Egan marched away from the police line and the reporters. The dark-haired woman and the young Miss Thing turned Sonia toward the house. Her head came around awkwardly, and the floppy hat toppled off. The crowd gasped as, in the instant before the darkhaired woman retrieved it and stuck it back on, a half-bald head, puzzled in raw-red pieces, was revealed. The formerly proud-maned Sonia Cabot looked as if she’d been scalped, and a hundred people had just seen it.
And not only them.
“Who is that?” someone in the crowd yelled. “Is that her daughter?”
Sully squinted at the open front door. A child stood there, a round little girl of about six, with hair the fudgy brown Sonia’s had been. She appeared to be frozen, as was Sully himself, until a scream came out of her that silenced even the worst of the stalkers below.

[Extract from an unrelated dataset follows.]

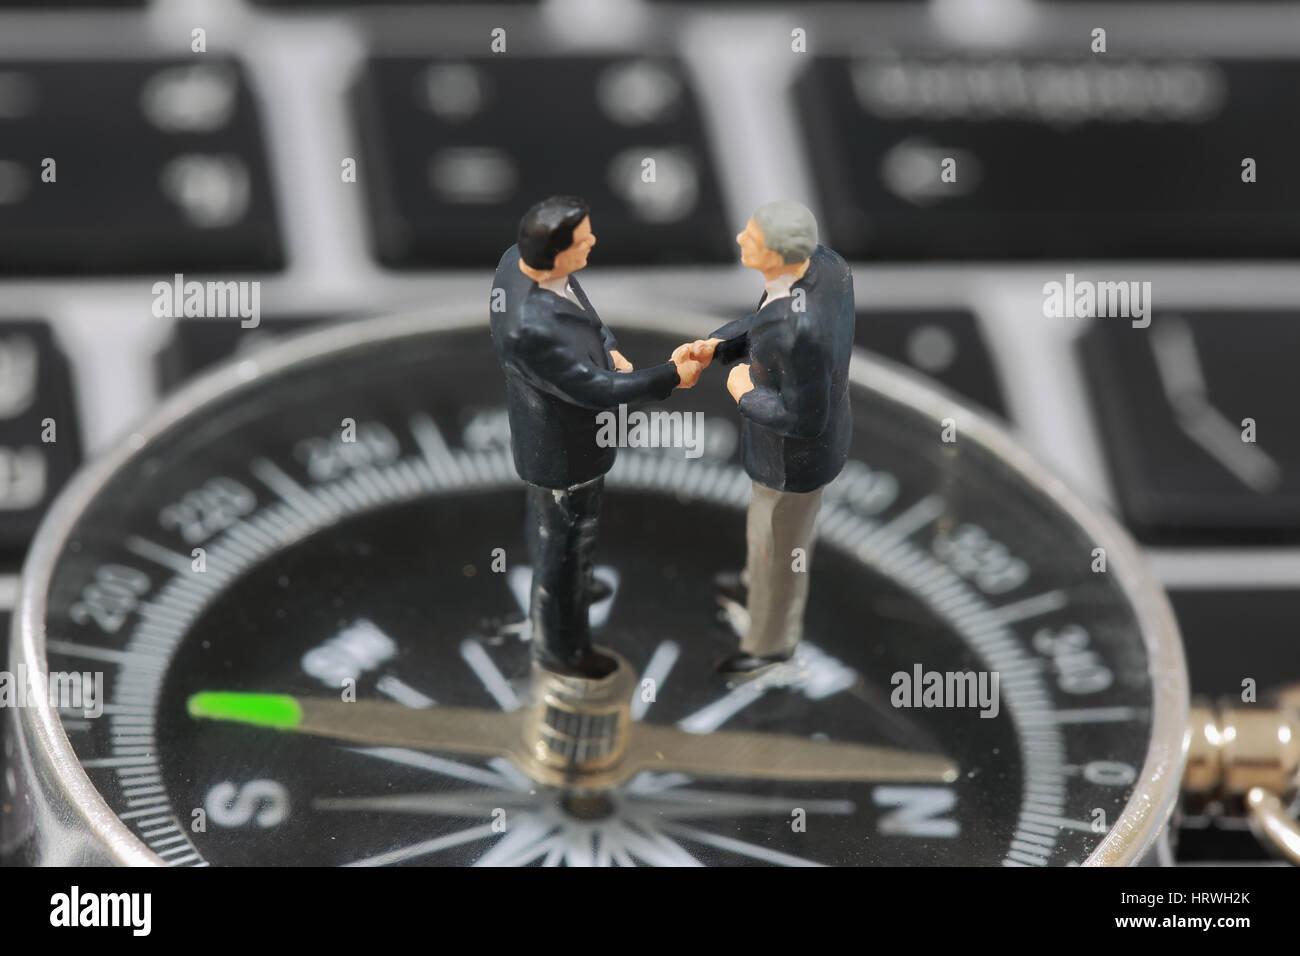 El enfoque selectivo de empresario en miniatura de apretón de manos en el fondo de la brújula como el compromiso Foto de stock
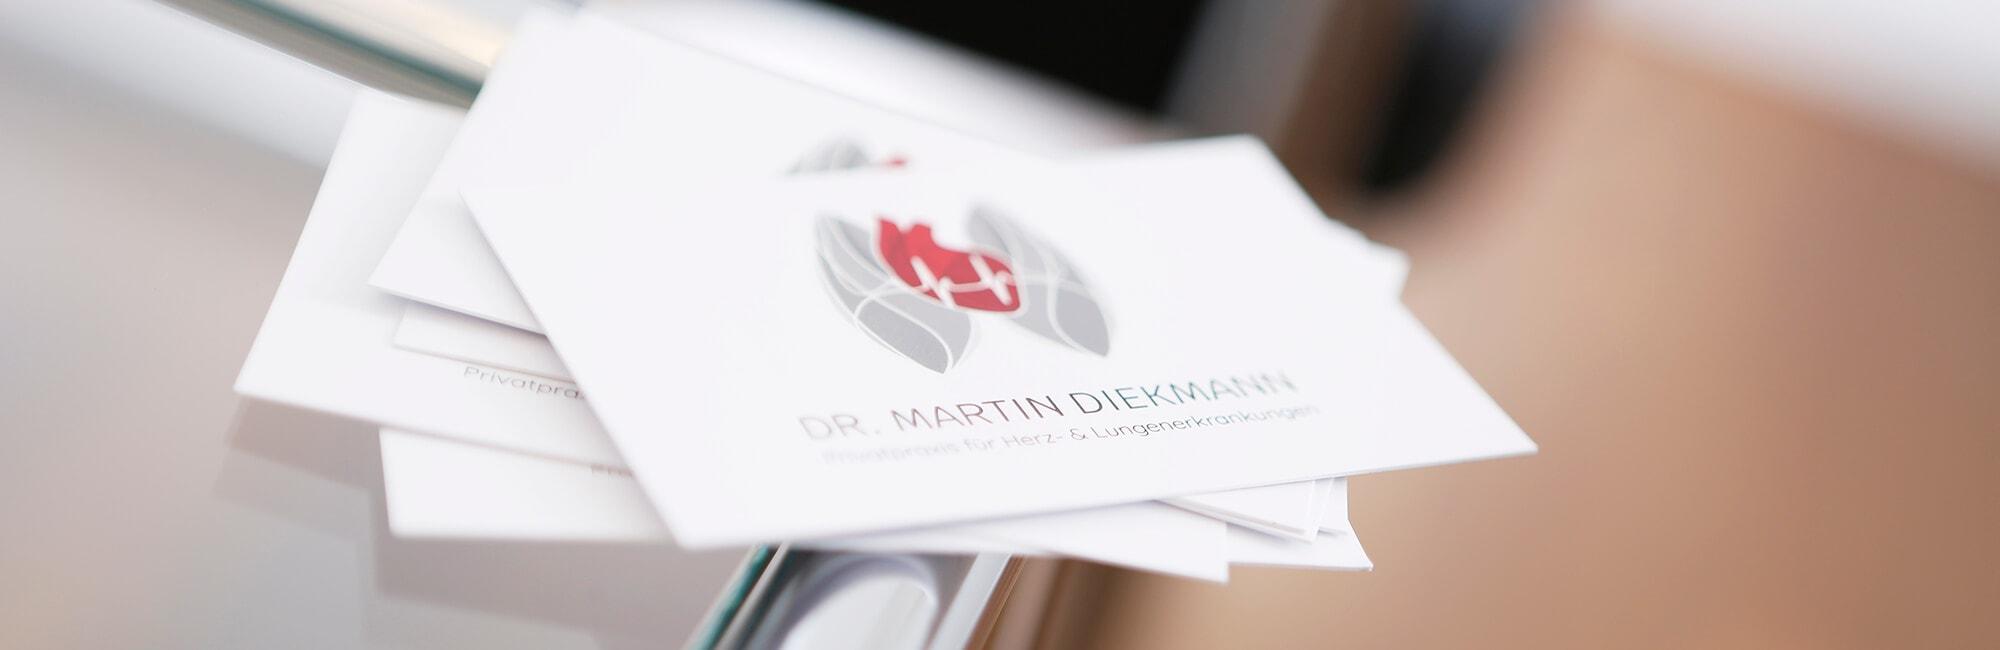 Herz-Kreislauf-Erkrankungen - Köln-Bayenthal - Diekmann - Slider Impressum

Sonia’s entourage swept her and the child through the front doorway. Below Sully, reporters scrambled, and the handful of people who had called out their support searched each other’s faces in horror. Redneck Boy spit out one more projectile expletive and was pushed by the two officers straight into the path of the woman in the gray suit. She flashed a badge.
Sully stood still. That’s only a taste of it, Sonia, my friend. Don’t bite off any more. You have enough to deal with inside your own house.
He let the crowd begin to disperse before he ventured down the street. He’d come back in an hour or two, give her a chance to settle in and calm down.
He was halfway to the car, mind reeling, heart breaking for Sonia, when someone touched his elbow. He looked down at a red head.
“I think Sonia could use a friend right now,” Roxanne said. “Come on with me.”